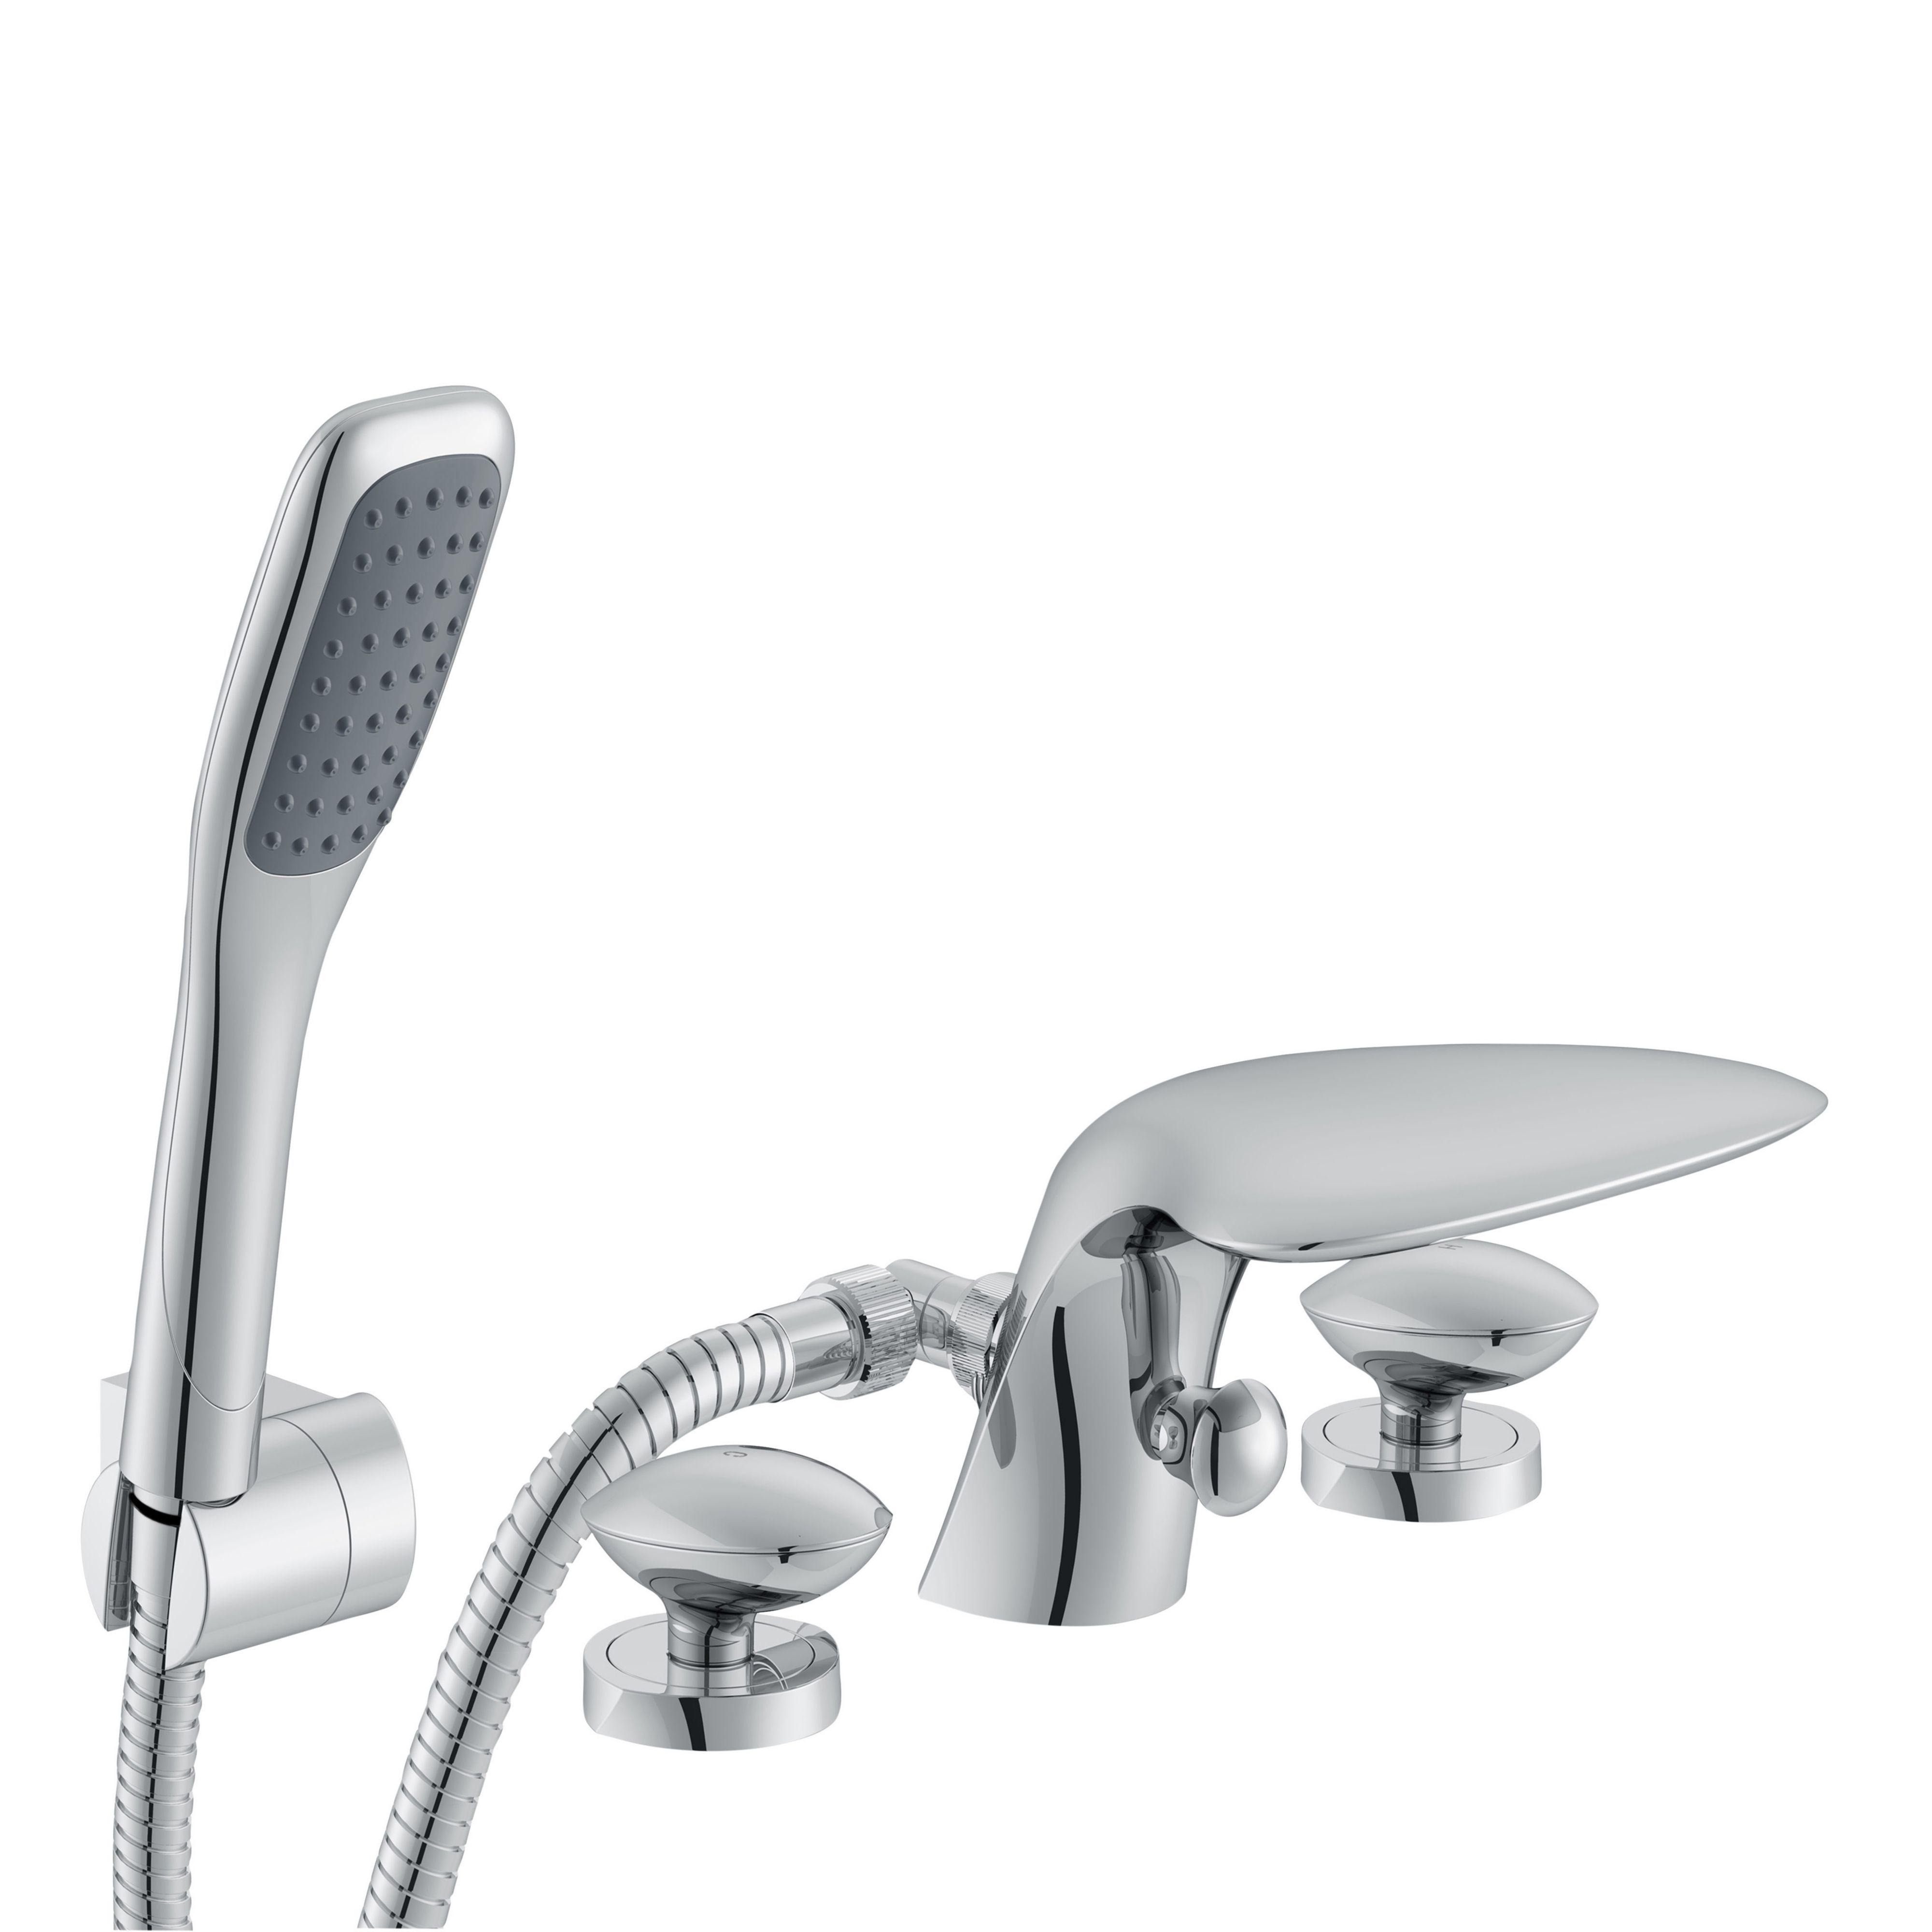 cooke lewis pebble chrome bath shower mixer tap departments cooke lewis pebble chrome bath shower mixer tap departments diy at b q
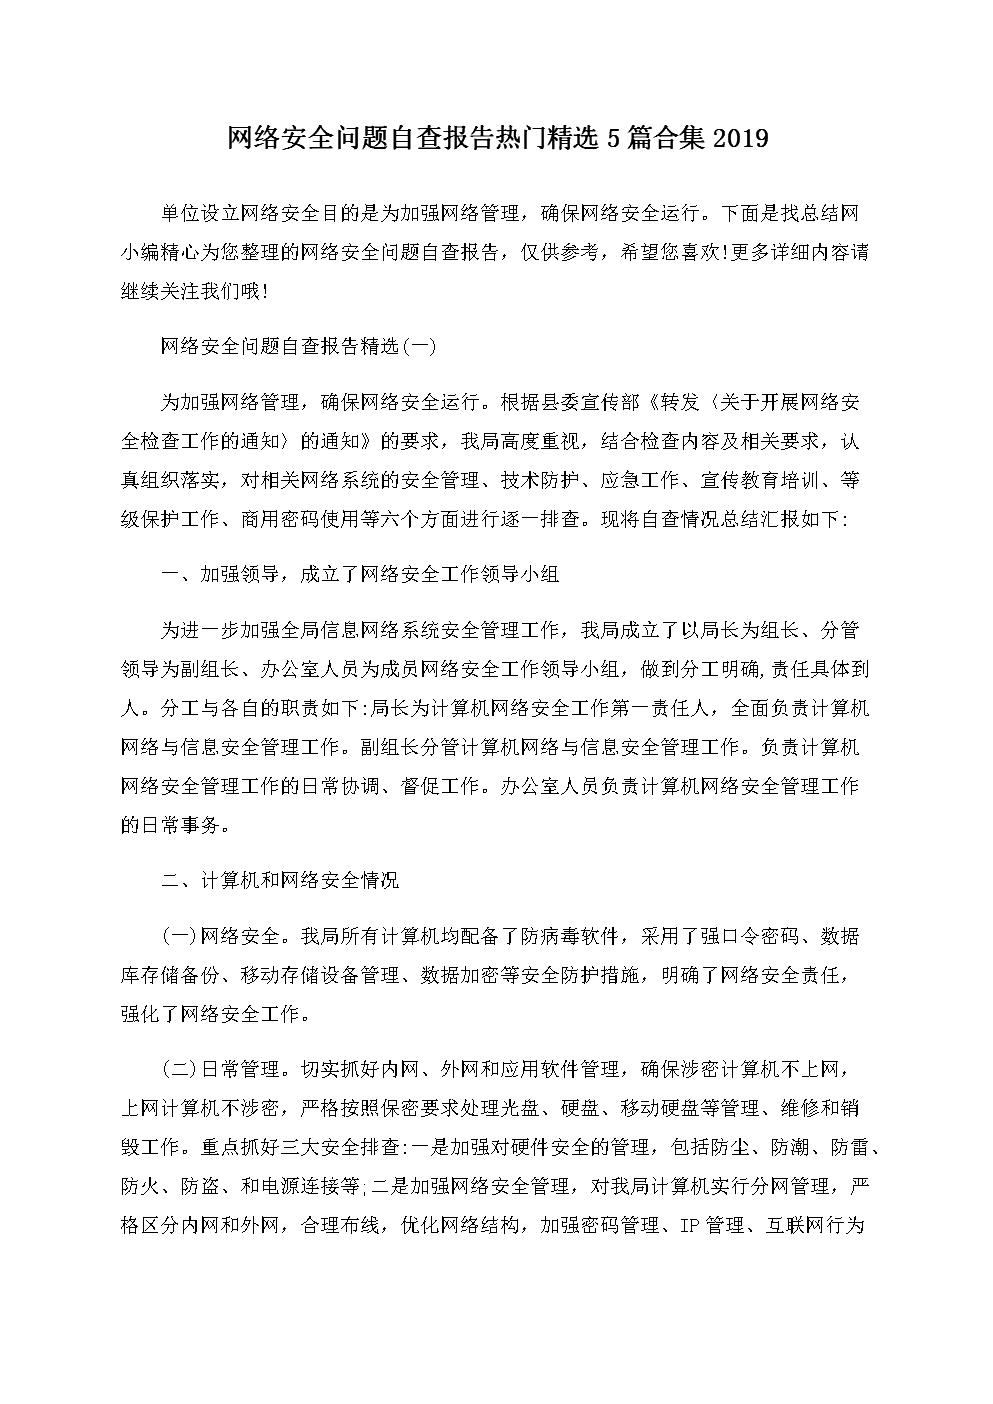 网络安全问题自查报告热门精选5篇合集2019.docx
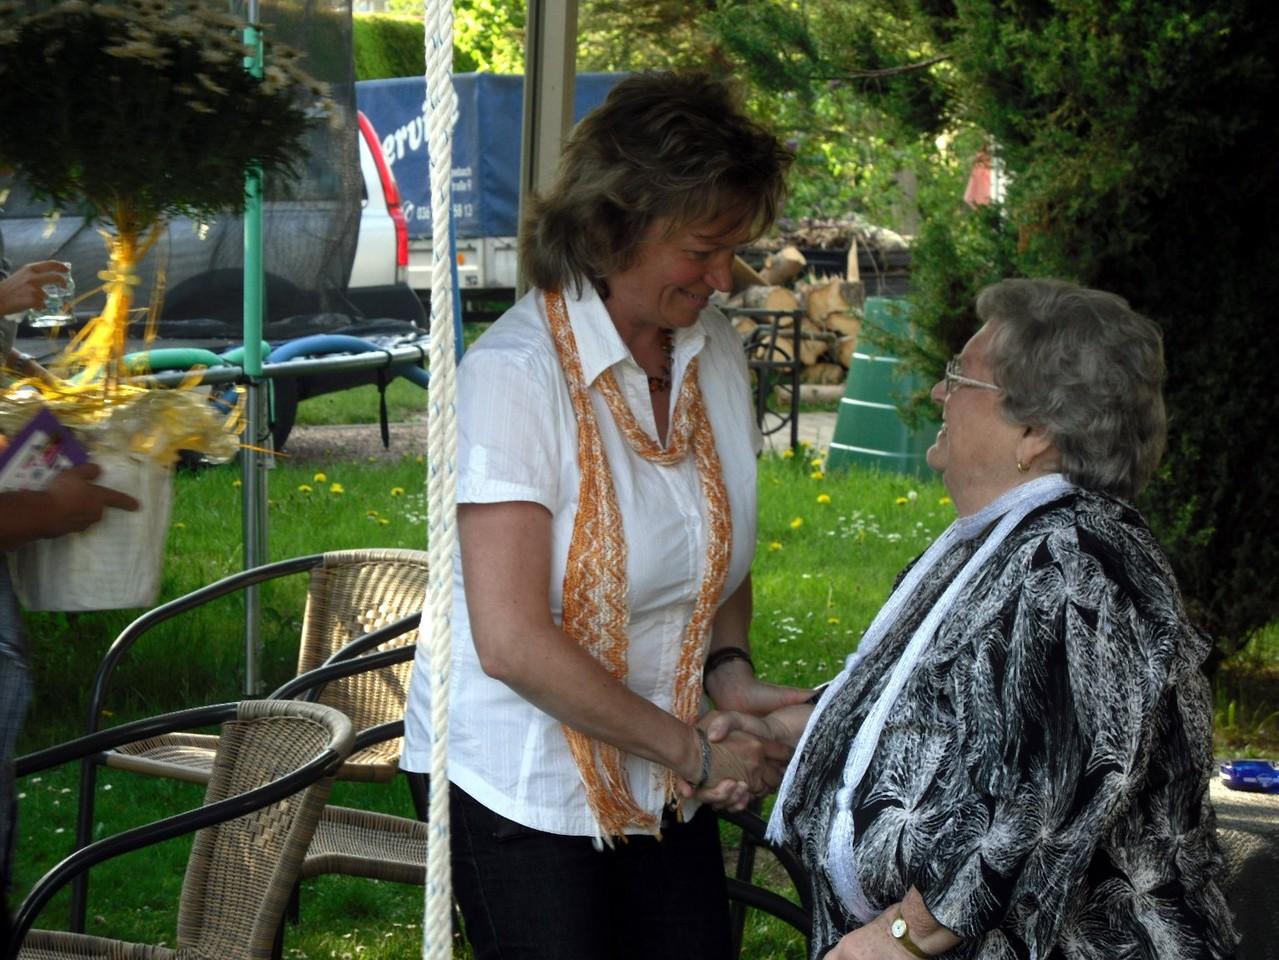 In Gedenken an unsere Gitti- sie hatte zwei Tage vor Marion Geburtstag
━━━━━━━━━━
## Task to complete
Retype all of the listing word for word and skip the pictures.

## Result
 cooke lewis pebble chrome bath shower mixer tap departments cooke lewis pebble chrome bath shower mixer tap departments diy at b q
 网络安全问题自查报告热门精选5篇合集2019.docx
 In Gedenken an unsere Gitti- sie hatte zwei Tage vor Marion Geburtstag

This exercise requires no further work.